太初天新生的第九千九百九十九年,撐天巨木的最後一片葉子落儘,化作漫天星屑融入星河。新生的修士早已更迭數代,關於“那位無名者”的傳說,從最初的敬畏傳頌,漸漸變成古籍中幾行模糊的記載,唯有林間偶爾飄落的光雨,還殘留著一絲混沌之力的氣息。
無人知曉,此刻混沌最深處,李長生正立於“終末之點”前。這裡是諸天萬界的本源交彙之處,也是失衡之力的最終滋生地。

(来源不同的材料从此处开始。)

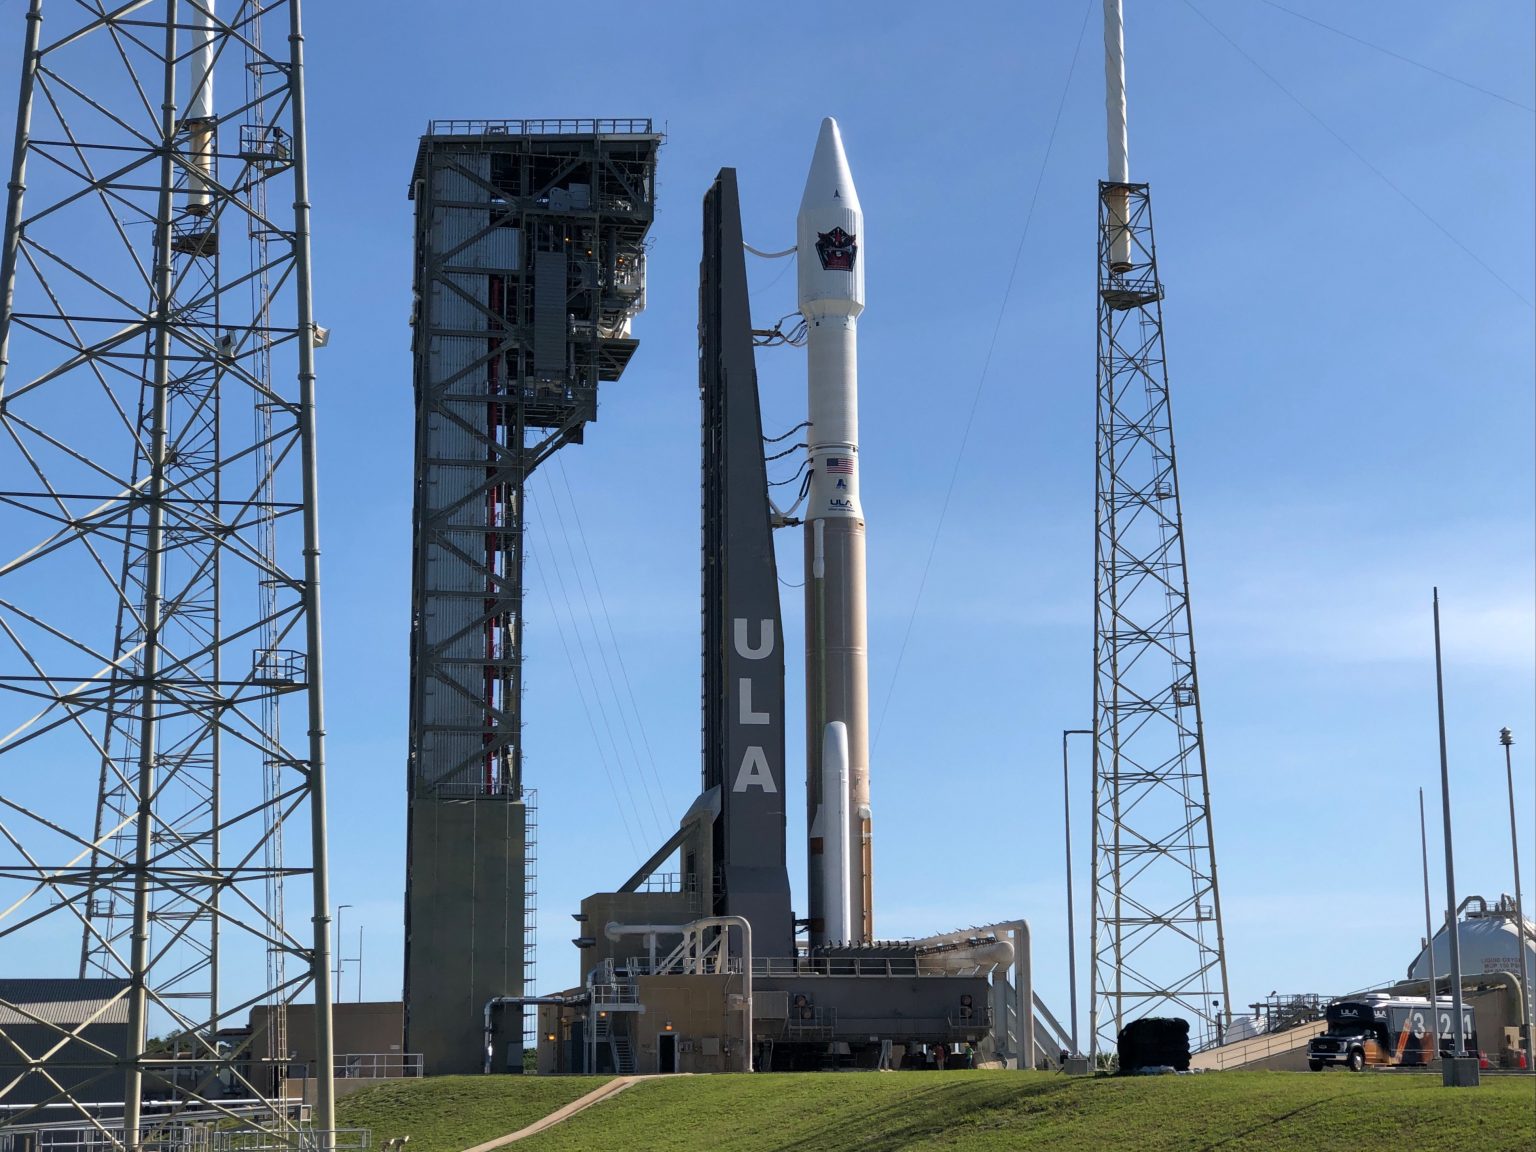 Atlas V rocket launches SBIRS Geo-5 missile warning satellite for US Space Force | యు.ఎస్ స్పేస్ ఫోర్స్ కోసం ఎస్.బి.ఐ.ఆర్.ఎస్ జియో-5 క్షిపణి హెచ్చరిక ఉపగ్రహాన్ని ప్రయోగించిన అట్లాస్ వి రాకెట్ |_30.1
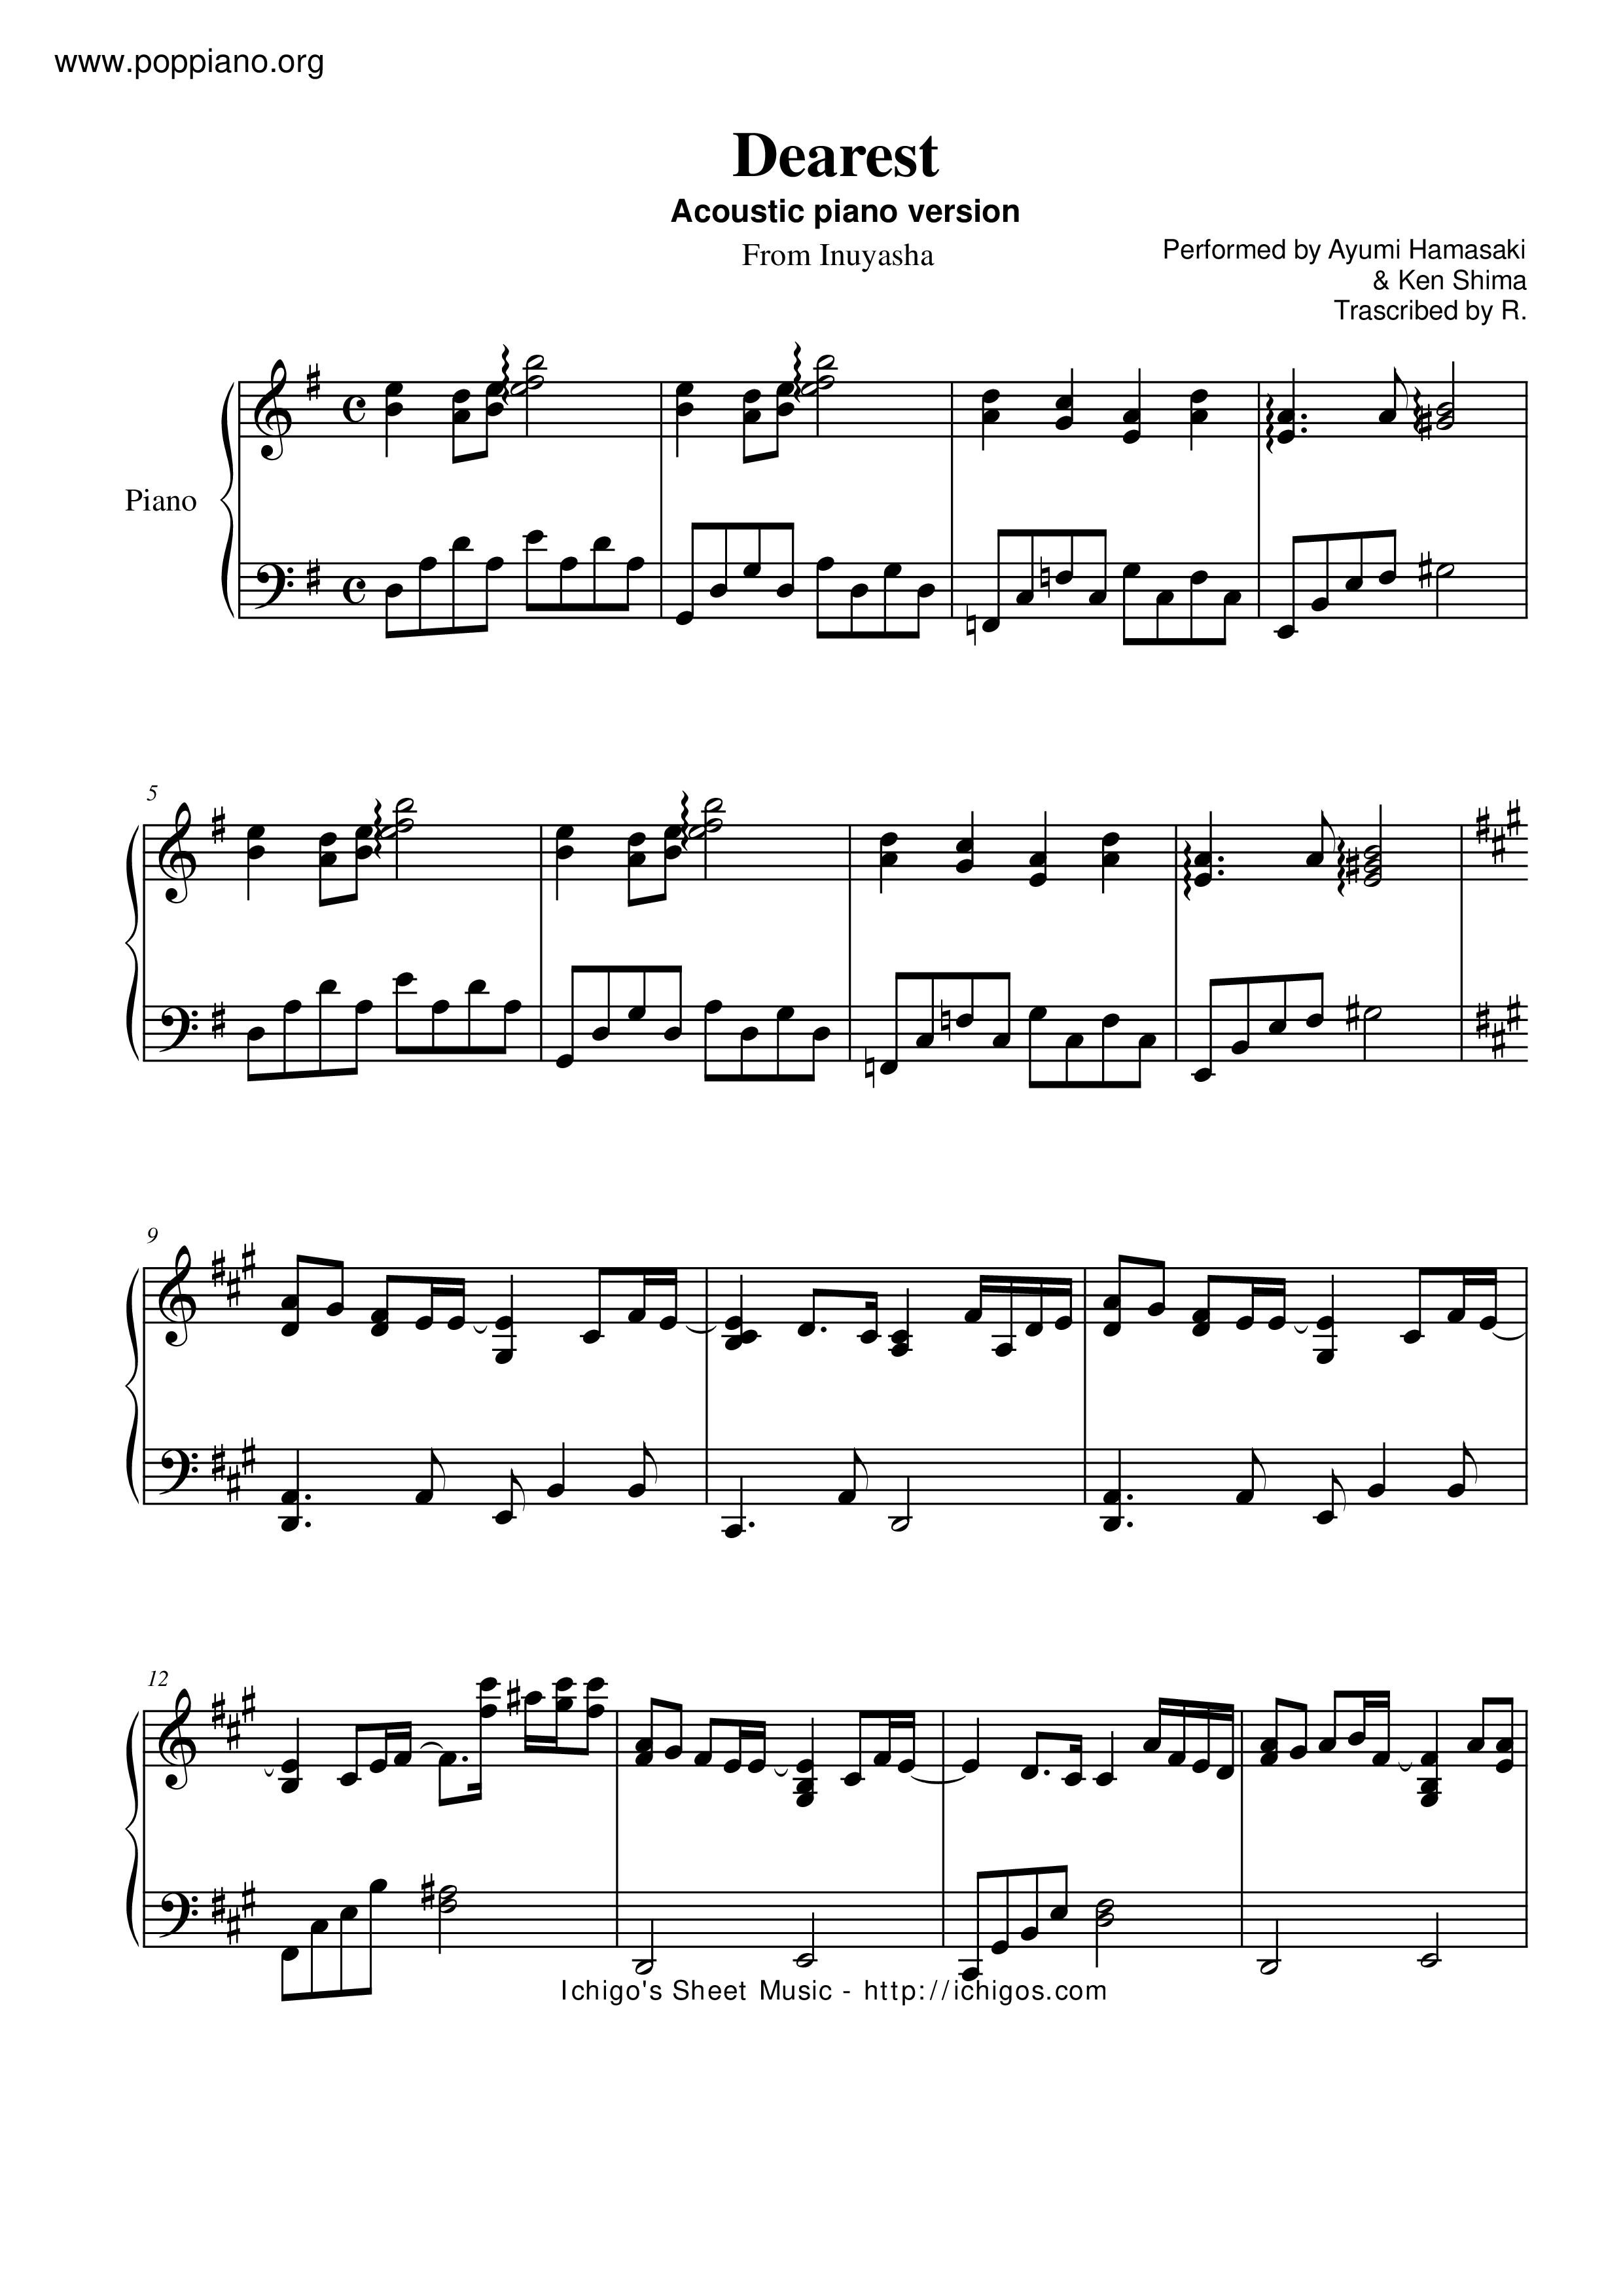 Dearest - Accoustic Piano Versionピアノ譜

億萬道黑色裂痕在虛空中蔓延,裂痕中流淌的失衡本源,比無序之域的黑液更粘稠,所過之處,連混沌都在消融,化作虛無。
他眉心的界域之心劇烈震顫,卻不是因為恐懼,而是源於“平衡”法則的本能感應——當這裡的失衡本源徹底爆發,諸天萬界將重歸混沌,一切因果都會歸零。
李長生抬眸,目光掃過那些不斷擴張的裂痕,眸中依舊沒有半分波瀾,仿佛眼前不是滅世危機,隻是尋常的天地異象。他緩步上前,每一步落下,腳下的虛無便自動凝結出混沌基石,穩穩托住他的身影。
“吼——”
裂痕深處傳來一聲嘶吼,比當年本源之海的虛影更狂暴。一道由無數失衡執念凝聚的巨手從裂痕中伸出,巨手表麵布滿了扭曲的符文,那是諸天萬界中所有“絕對善惡”的集合體:有因“絕對善”而放棄抵抗的君主,有因“絕對惡”而毀滅星球的魔頭,他們的執念交織在一起,化作足以撕裂一切的力量,朝著李長生拍來。
李長生沒有躲閃,左手抬起,眉心的界域之心驟然離體,懸浮在他掌心上方。三塊碎片融合後的界域之心散發著柔和的光暈,與巨手的黑色力量相撞,沒有驚天動地的爆鳴,隻有無聲的消融——巨手接觸光暈的部分,如冰雪遇驕陽般迅速瓦解,化作一縷縷純粹的能量,被界域之心吸收。
“平衡,不是縱容。”他開口,聲音平淡得沒有一絲起伏,字句卻像一道無形的法則,穿透嘶吼聲,直抵裂痕深處,“你們的執念,本就不該存在。”
裂痕中的嘶吼變得更加狂暴,無數道細小的黑色觸須從裂痕中竄出,朝著李長生纏來。這些觸須上帶著不同界域的記憶碎片:有孩童因“絕對善”的教條被惡徒殺害,有戰士因“絕對惡”的標簽被同族放逐,每一道碎片都承載著極致的痛苦與怨恨。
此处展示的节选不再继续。